Task brief »
The span to repeat in the listing below runs from the line containing "Woman wearing gloves" to the line containing "Psychology in Physical Education and Sport", inclusive. Repeat it exactly, and only it.

Records provided »

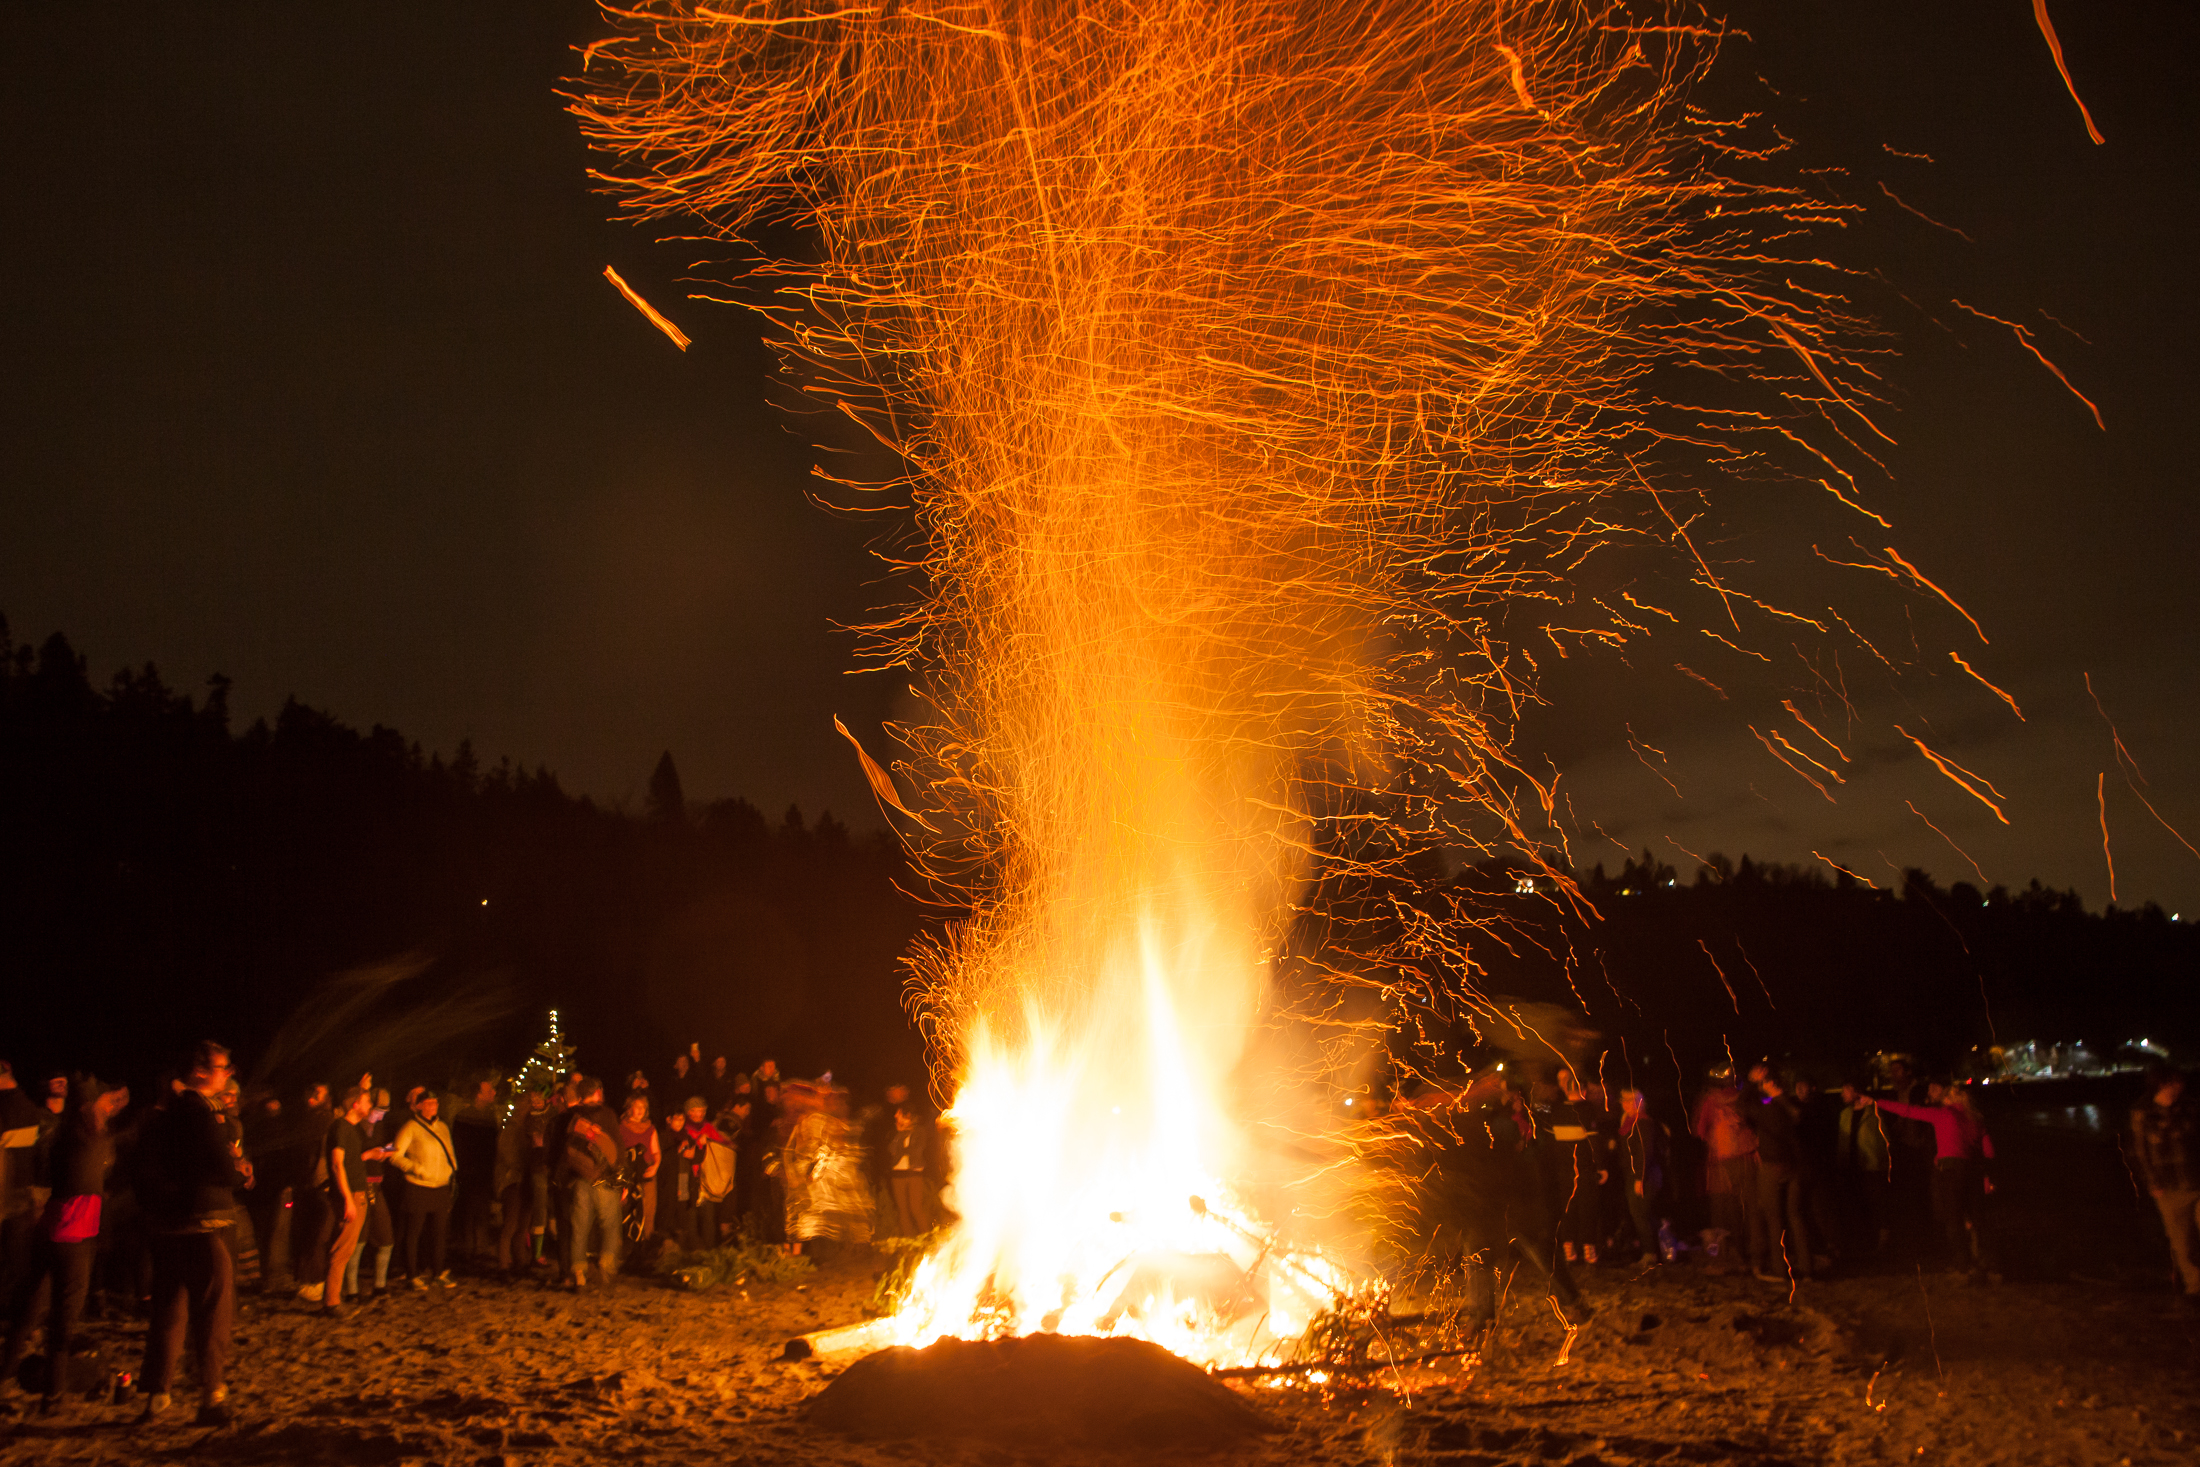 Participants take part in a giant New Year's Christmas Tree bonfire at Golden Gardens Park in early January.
...
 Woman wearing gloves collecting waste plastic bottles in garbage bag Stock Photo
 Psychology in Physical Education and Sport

Result of the task »
 Woman wearing gloves collecting waste plastic bottles in garbage bag Stock Photo
 Psychology in Physical Education and Sport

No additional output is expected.